E la riflessione sulla necessità dell’inclusione sociale di chi vive la condizione dell’Asperger solleva anche problematiche collaterali molto importanti: «C’è da considerare anche una questione “di genere” non irrilevante. A livello sociale, nell’uno per cento circa della popolazione che rientra nel quadro dell’autismo, gli uomini sono i più diagnosticati. Questo perché le loro manifestazioni sono maggiormente visibili o si scontrano con l’immagine di performance sociale che è l’aspettativa verso il genere maschile. Le donne Asperger, invece, hanno tratti di carattere più fini, riservati, introversi e sono quindi più socialmente accettabili. Le ricerche dimostrano che le ragazze introverse sono facilmente etichettate come timide e non si cerca di andare oltre. Nella loro condizione è più difficile riconoscere il quadro clinico specifico, e in tutto il mondo questo aspetto è un problema. Il Ticino non esula da questa triste realtà che implica dei rischi importanti, in particolar modo di violenze, abusi o di sviluppo di comorbidità psichiatriche».
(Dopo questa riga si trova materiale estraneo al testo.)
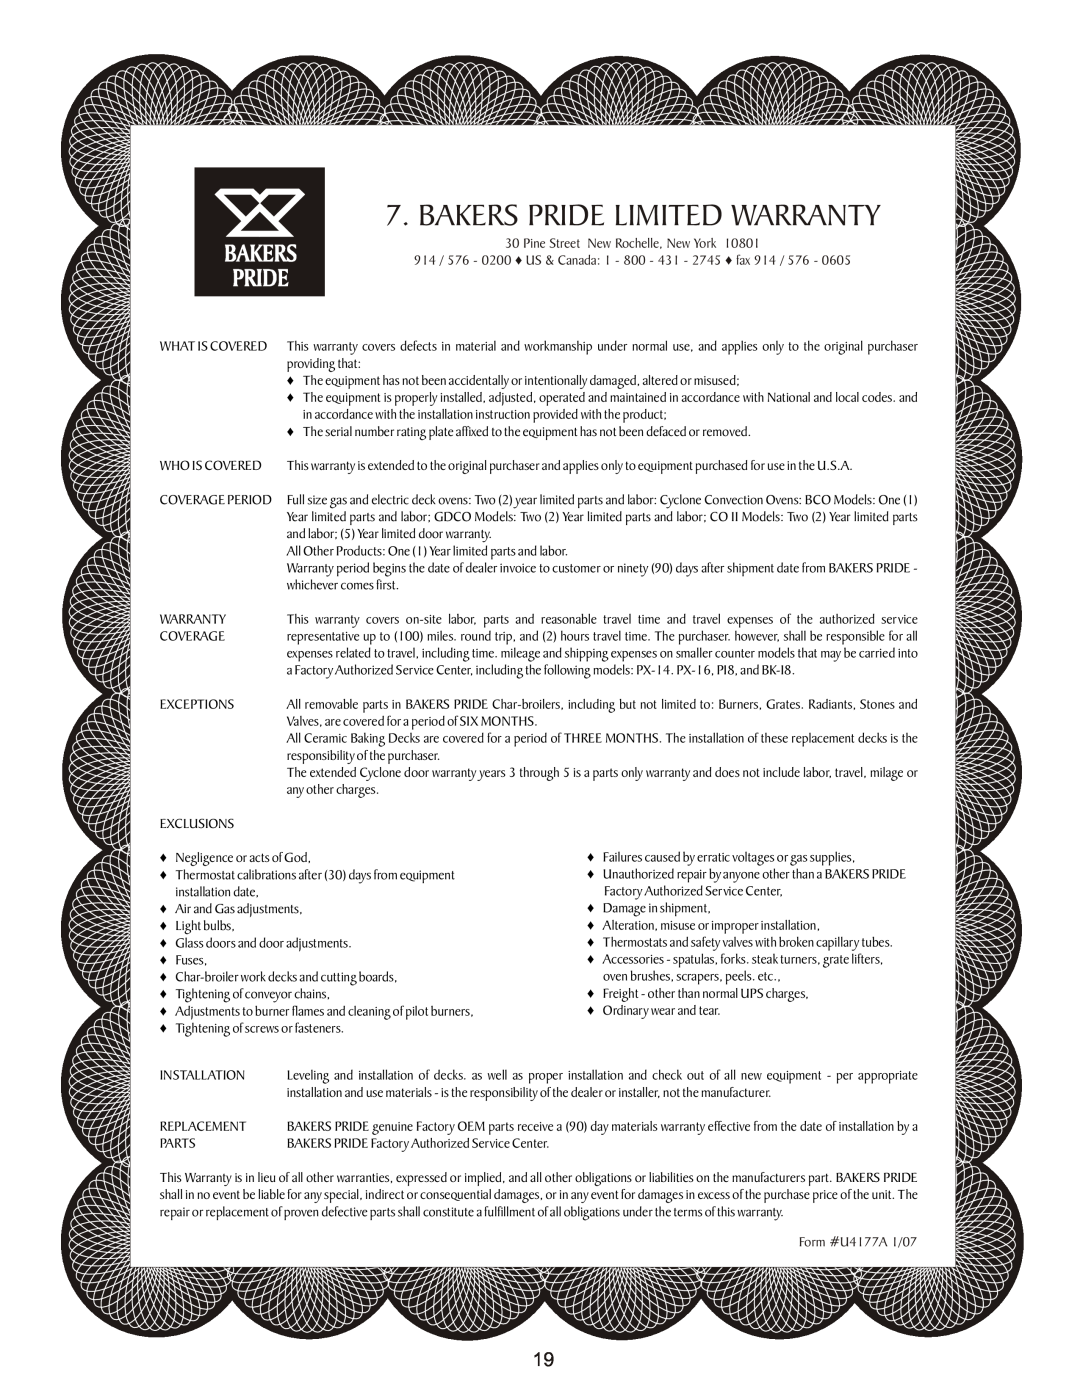 Bakers Pride Oven CO-11E manual Bakers Pride Limited Warranty, Pine Street New Rochelle, New York, Form #U4177A 1/07 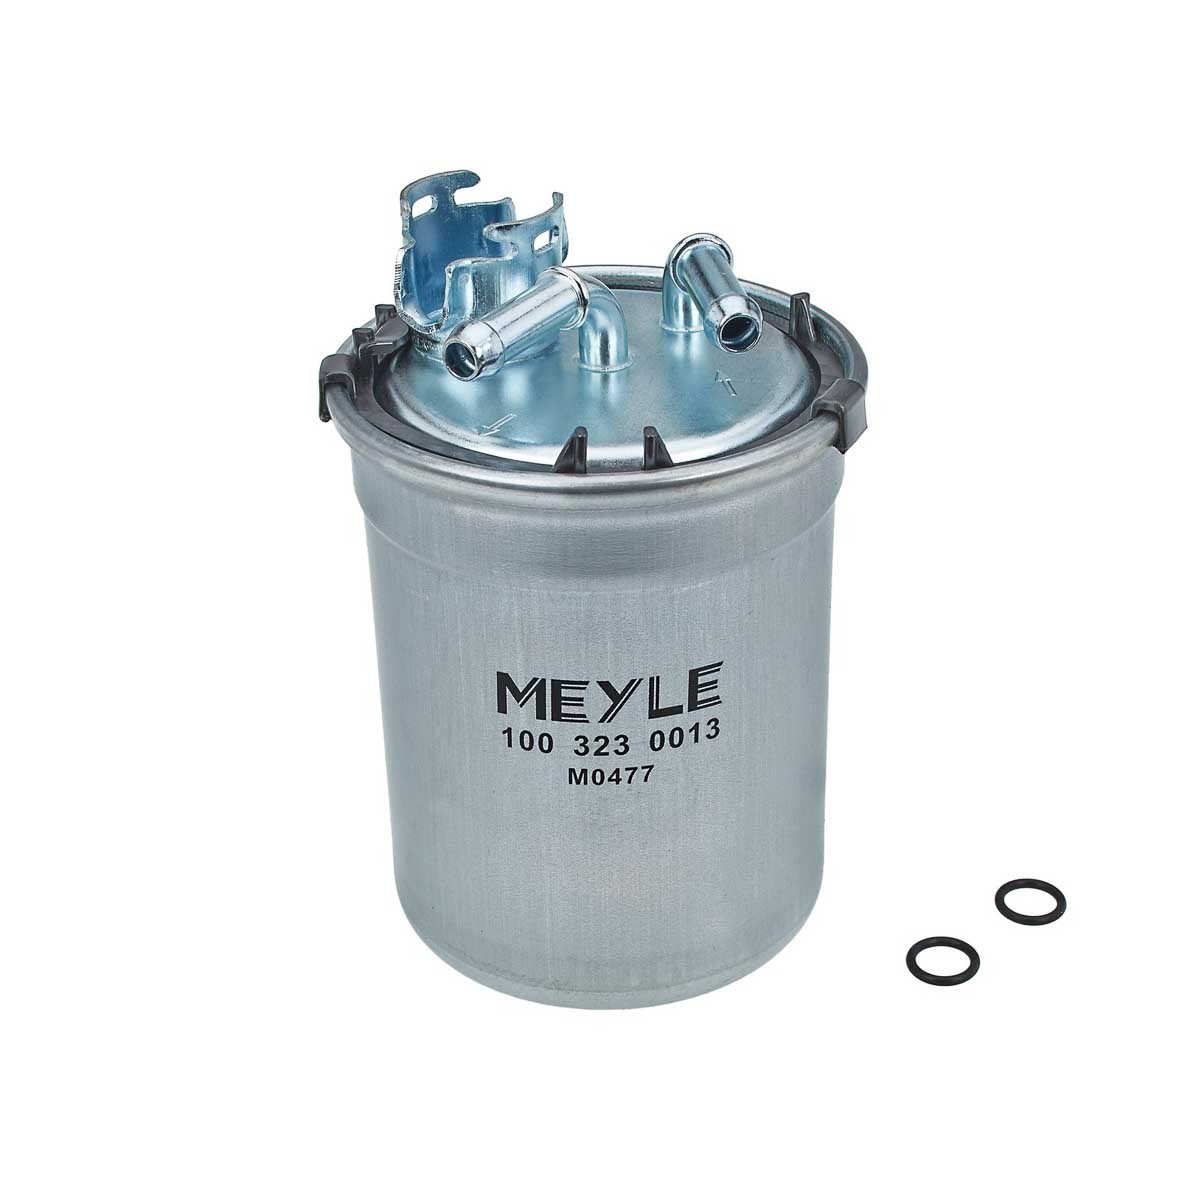 Great value for money - MEYLE Fuel filter 100 323 0013

Per chiudere (ma non concludere) la discussione, secondo Emmanuelle Rossini il concetto chiave che deve essere mantenuto al centro dell’attenzione è proprio l’inclusione. In questo senso la definizione di Asperger come una malattia è sbagliata perché è fuorviante. Ogni persona deve poter funzionare in modo consono al suo modo di essere. «Per valutare ogni situazione è importante sempre chiedere all’altro, inteso come persona e famiglia, “ma tu come stai?”. Partendo da questa risposta, unica, è possibile definire il modo di intervento, senza schemi preconcetti, né etichette precostituite. Perché dobbiamo ricordarci che non è la persona a portare un handicap, ma è la società e i contesti di vita che la mettono, o meno, in situazione di handicap».